• Uncategorized
  • 0

[Day 2 of python’s re module learning] Application of regular expressions greedy mode and lazy mode

Hits: 0

Table of contents

1 Mode overview

  1. Greedy mode: By default, matching repeated metacharacters always matches as much backwards as possible.
  2. Lazy mode: Also known as non-greedy mode, it matches content backwards as little as possible with repeated metacharacters.
  3. What they have in common: All are built on the basis of successful matching.
  4. Related metacharacters: *, +, , {m},{m,n}
  5. Convert from greedy mode to lazy mode: add after the relevant metacharacter ?, indicating that the lazy mode is used for matching.

2 Examples

2.1 An example of greedy mode

import re
re.findall(r'ab*',"abbbbbbbbbcd")           #['abbbbbbbbb']
re.findall(r'ab+',"abbbbbbbbbcd")           #['abbbbbbbbb']
re.findall(r'ab?',"abbbbbbbbbcd")           #['ab']
re.findall(r'ab{3}',"abbbbbbbbbcd")         #['abbb']
re.findall(r'ab{3,5}',"abbbbbbbbbcd")       #['abbbbb']

2.2 Lazy mode example

import re
re.findall(r'ab*?',"abbbbbbbbbcd")          #['a']
re.findall(r'ab+?',"abbbbbbbbbcd")          #['ab']
re.findall(r'ab??',"abbbbbbbbbcd")          #['a']
re.findall(r'ab{3}?',"abbbbbbbbbcd")        #['abbb']
re.findall(r'ab{3,5}?',"abbbbbbbbbcd")      #['abbb']

2.3 Comparison

  1. The above example can better and simpler to understand the functions of greedy and lazy mode.

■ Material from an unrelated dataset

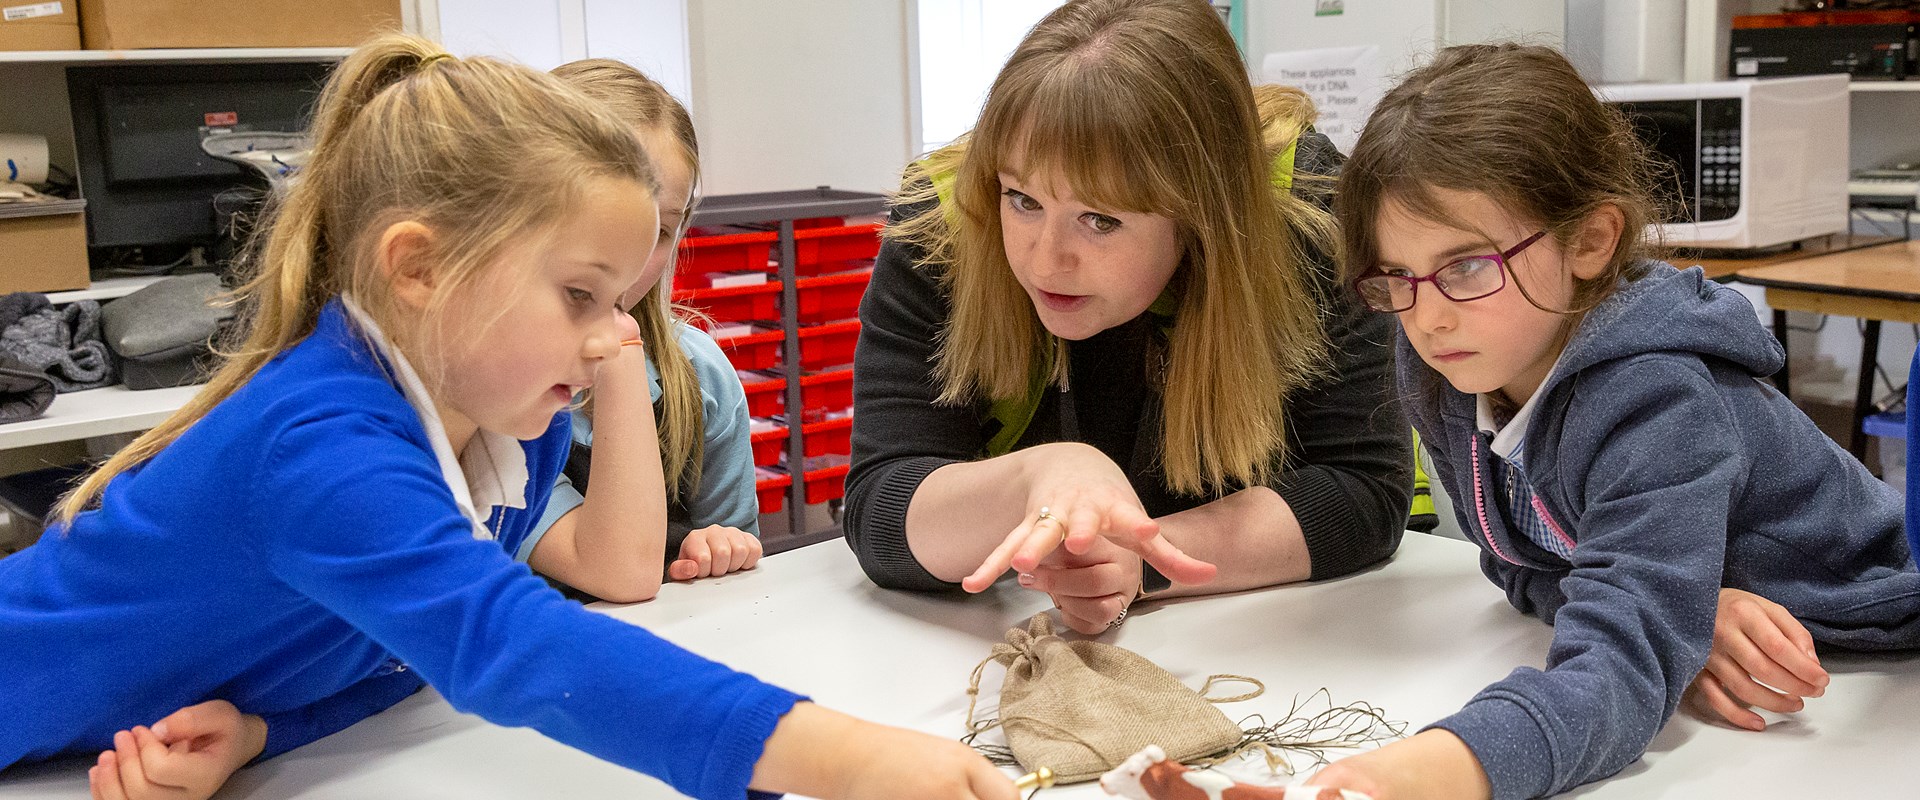 A member of education staff is surrounded by three pupils looking at roman objects on a table.

For some more complex strings, it is a bit difficult to clearly judge the output results of greedy mode and lazy mode.
  2. For example, in the following example, in the greedy mode, only two square brackets at the beginning and the end are judged because the content is matched as much as possible; in the lazy mode, each pair of square brackets is recognized.

import re
s = '[Hua Qiangu], [Legend of Lu Zhen], [New Fair Princess], [Chu Qiao Biography]' 
re.findall( r'\[.+\]' ,s)            #greedy mode output['[ Hua Qiangu],[The Legend of Lu Zhen],[New Fair Princess],[Chu Qiao Biography]'] 
re.findall( r'\[.+?\]' ,s)       #Lazy mode output['[Flower Qiangu ]', '[The Legend of Lu Zhen]', '[New Fair Princess]', '[Chu Qiao Biography]']

3 Summary

  1. Understand the difference between greedy mode and lazy mode;
  2. Master the usage of both modes;
  3. It is easy to understand the result of the above statement, but it takes practice to be able to express it concisely with regular expressions when similar requirements arise.

references

  1. RE Regular Expression Module (Python Video Tutorial)

You may also like...

Leave a Reply

Your email address will not be published.